**THE TASK:** Every line containing the word "Wallpaper" must be pulled from the records.

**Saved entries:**
+-------+

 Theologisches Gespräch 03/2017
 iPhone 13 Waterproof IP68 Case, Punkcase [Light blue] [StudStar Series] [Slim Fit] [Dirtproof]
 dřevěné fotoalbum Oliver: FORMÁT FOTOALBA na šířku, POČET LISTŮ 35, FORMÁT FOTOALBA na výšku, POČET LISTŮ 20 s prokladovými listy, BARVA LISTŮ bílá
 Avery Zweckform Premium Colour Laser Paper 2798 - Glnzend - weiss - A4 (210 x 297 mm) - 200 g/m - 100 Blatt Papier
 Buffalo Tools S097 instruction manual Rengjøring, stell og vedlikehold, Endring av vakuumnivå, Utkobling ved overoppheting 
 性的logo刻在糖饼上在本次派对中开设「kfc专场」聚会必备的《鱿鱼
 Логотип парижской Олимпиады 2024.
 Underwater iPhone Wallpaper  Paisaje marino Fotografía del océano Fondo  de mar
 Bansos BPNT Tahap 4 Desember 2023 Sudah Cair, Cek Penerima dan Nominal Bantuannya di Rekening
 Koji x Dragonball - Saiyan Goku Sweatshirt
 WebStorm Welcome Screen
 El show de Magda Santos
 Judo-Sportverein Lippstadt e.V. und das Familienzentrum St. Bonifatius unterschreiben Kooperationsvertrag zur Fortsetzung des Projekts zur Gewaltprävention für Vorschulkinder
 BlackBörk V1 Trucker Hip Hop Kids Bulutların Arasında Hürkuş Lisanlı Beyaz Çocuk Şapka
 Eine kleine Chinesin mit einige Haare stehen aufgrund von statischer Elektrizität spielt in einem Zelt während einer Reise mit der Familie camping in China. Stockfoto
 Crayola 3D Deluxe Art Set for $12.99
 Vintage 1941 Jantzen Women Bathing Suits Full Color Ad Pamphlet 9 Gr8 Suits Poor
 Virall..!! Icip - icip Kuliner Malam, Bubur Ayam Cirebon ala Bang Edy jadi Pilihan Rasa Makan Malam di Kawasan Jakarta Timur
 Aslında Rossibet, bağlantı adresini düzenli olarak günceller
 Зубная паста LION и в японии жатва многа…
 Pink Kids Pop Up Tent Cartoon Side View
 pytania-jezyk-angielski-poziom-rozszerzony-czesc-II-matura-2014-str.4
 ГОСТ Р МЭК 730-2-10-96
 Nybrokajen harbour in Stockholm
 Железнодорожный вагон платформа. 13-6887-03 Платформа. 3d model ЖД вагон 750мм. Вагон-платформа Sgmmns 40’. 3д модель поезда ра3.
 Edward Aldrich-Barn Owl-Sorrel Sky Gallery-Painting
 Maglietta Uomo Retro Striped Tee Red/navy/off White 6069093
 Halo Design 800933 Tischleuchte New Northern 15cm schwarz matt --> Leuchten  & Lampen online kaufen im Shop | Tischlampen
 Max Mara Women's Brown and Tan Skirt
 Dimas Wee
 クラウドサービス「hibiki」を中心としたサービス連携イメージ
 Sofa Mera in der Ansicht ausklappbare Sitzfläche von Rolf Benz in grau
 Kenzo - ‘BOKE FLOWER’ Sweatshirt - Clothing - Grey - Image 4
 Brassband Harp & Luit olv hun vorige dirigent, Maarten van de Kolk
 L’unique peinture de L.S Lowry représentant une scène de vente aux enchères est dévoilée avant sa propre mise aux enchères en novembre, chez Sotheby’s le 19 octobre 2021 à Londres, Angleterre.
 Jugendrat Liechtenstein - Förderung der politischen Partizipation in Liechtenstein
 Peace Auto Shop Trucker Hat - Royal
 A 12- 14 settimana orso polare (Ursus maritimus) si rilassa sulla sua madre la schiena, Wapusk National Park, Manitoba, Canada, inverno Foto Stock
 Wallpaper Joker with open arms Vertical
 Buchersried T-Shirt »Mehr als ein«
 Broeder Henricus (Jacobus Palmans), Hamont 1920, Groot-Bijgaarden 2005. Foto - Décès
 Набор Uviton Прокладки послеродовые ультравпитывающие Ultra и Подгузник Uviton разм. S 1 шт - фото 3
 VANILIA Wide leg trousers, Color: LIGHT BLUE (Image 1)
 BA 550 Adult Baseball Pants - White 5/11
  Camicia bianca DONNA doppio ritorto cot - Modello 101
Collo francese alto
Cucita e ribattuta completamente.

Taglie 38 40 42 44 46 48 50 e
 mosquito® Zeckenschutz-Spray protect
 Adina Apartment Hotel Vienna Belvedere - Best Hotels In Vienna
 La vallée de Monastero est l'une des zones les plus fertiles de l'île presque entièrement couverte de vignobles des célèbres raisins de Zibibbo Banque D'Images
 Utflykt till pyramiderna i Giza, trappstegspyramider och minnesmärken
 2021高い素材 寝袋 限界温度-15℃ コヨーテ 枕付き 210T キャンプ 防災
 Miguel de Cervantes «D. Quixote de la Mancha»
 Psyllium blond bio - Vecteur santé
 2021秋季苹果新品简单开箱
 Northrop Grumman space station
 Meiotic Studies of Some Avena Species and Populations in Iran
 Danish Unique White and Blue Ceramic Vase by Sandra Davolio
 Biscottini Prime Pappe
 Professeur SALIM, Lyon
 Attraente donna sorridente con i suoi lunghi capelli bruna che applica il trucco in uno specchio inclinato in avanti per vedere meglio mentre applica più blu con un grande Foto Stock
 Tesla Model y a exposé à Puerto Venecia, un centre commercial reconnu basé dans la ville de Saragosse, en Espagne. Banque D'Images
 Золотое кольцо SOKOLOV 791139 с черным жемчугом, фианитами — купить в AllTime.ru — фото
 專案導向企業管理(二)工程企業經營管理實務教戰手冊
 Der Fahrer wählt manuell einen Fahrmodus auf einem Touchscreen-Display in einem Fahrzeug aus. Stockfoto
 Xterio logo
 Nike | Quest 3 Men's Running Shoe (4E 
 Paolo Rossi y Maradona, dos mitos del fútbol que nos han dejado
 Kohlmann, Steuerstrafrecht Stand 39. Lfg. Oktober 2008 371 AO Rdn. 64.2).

+-------+

**TASK RESPONSE:**
 Underwater iPhone Wallpaper  Paisaje marino Fotografía del océano Fondo  de mar
 Wallpaper Joker with open arms Vertical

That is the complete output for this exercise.